The Emperor Julian wrote, "“How can the man who, while worshipping Zeus the God of Companions, sees his neighbors in need and does not give them a dime – how can he think he is worshipping Zeus properly?”"

Let me repeat this: The Gods of Hellas went about disguised as beggars (and realistically, when these texts are translated as "foreigners," they are talking about poor people who are not citizens, and so must beg), and punished those who did not feed them and care for them. Not unlike, "What you do to the least of these you do to me."

That was about ten minutes of checking the details on the mythology and pantheon I know best. Pretty sure the Norse gods were very firm on charity, too. Sounds to me like you need to do some more research. The stories, theology, and religious obligations are there, they've just been hidden by a couple thousand years' worth of Christians being the ones to write about it, and them not having much impetus to write about the charity of polytheists.

Do Christians dominate charitable organizations? Sure. But then, they're the majority. They have long-established organizations for such things, while the various Pagan temples and traditions that provided such services were wiped out hundreds or thousands of years ago… by Christians. I doubt that any smaller a percentage of the pagan population than the Christian population engages in work with the homeless or wish to, but there are so damn few of us to start with, and often people have to work within Christian groups simply because they're what's around, and then, often, they have to hide their religion or be actively and specifically excluded from those groups (as a Christian group recently did with a bunch of atheists who wanted to participate in serving food for the holidays). Then, too, many Christian groups that help the homeless exist primarily as missionary groups, and expect the homeless to accept tracts or listen to sermons in order to access their services (like the Salvation Army, which has been known to turn away people for being gay or trans, and left them to literally die in the cold), a practice many pagans will not want to have any part of. It can be difficult for a pagan to find a way to safely join in established groups that serve the poor and homeless, especially in less liberal states than Oregon, and even more difficult to start new, non-Christian groups, just because it's so difficult and time-consuming to do so with anyone, much less to start from a base of pagans, notorious non-joiners as we often are.

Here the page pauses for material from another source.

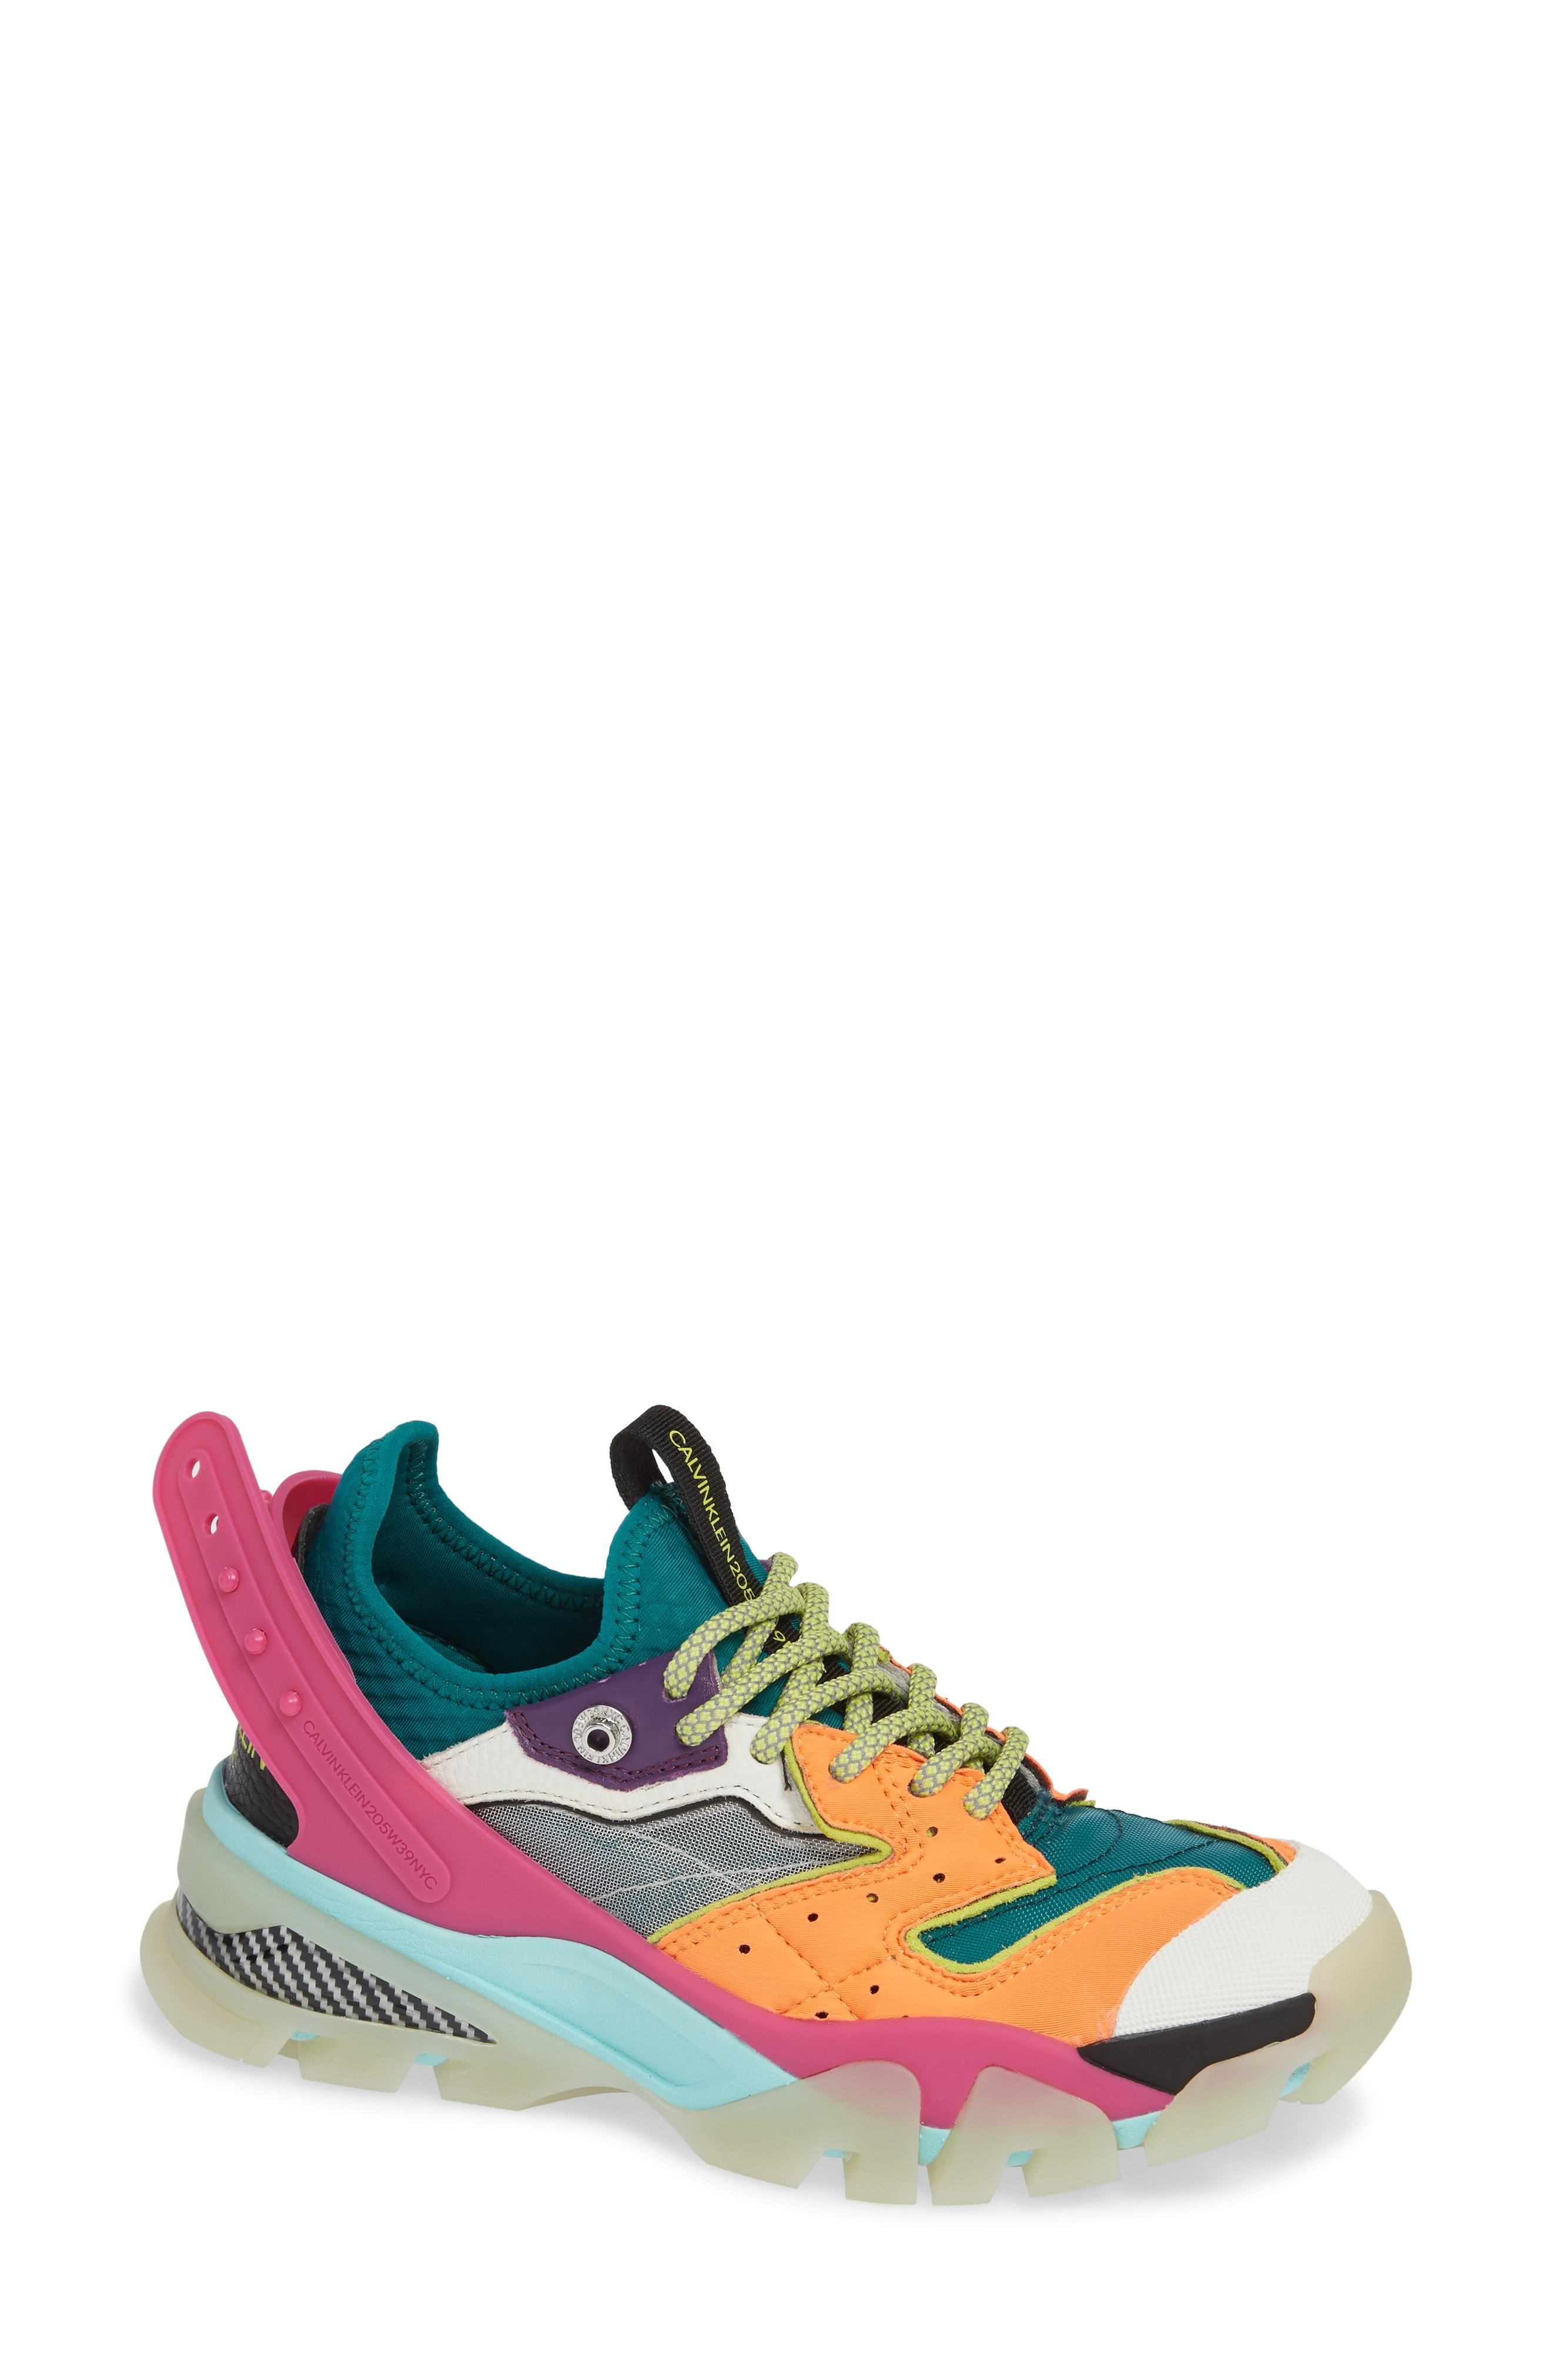 a9921eb03c1 ... Shoes Calvin Klein 205w39nyc Carla Sneaker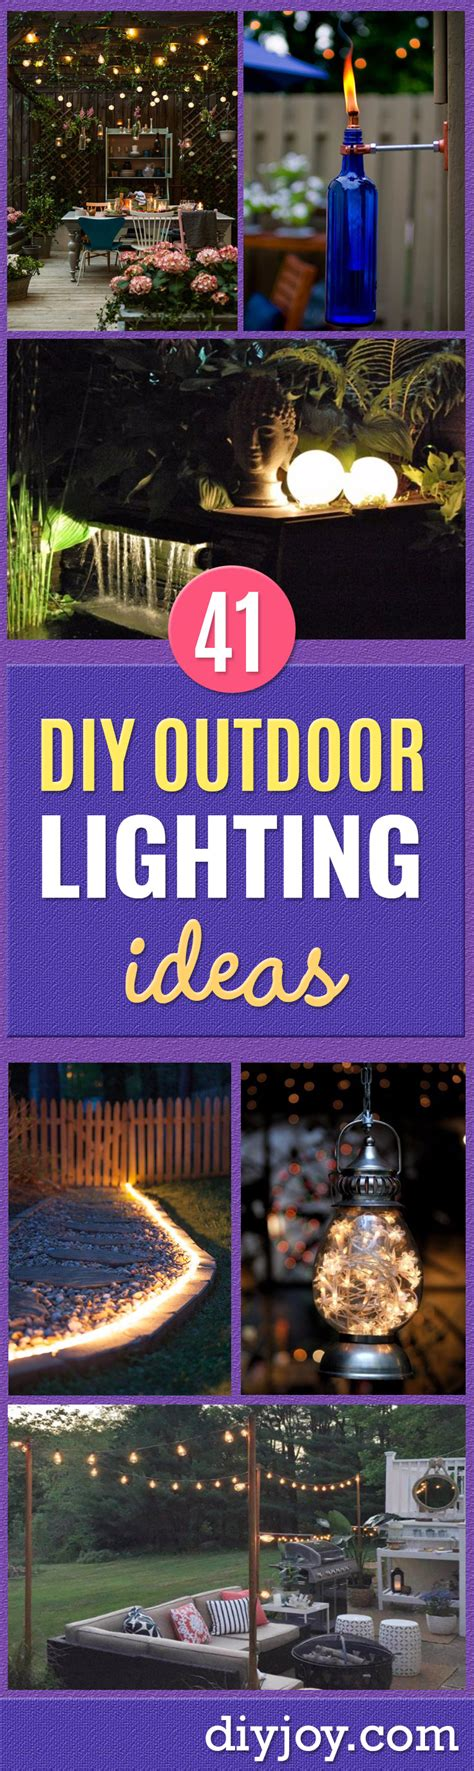 diy outdoor lighting ideas 41 diy outdoor lighting ideas

I just… this staggers me. Yes, the stories of our gods about compassion and charity have largely been obscured, although they can still be found, obviously, by anyone who cares to actually look. But why in hell would a pagan who cares enough to do the work, who cares enough about the theology of charity to write a piece like that, not give enough of a fuck to actually do any damn research about charity and theology in pre-Christian polytheist societies? Again, the above took me about ten minutes to dig out the references for, which includes reading most of Chapter 18 of the Odyssey. Yes, the quote is not from the author of the article, it's from a friend of hers, but the author agrees with it without question. And without any damn research, clearly.

Sure, like Jesus while being a pagan if you want. I don't give a fuck. But do not falsely denigrate our gods while doing so. Don't do it out of malice, but also don't do it out of ignorance, when ignorance is so very easy to fix.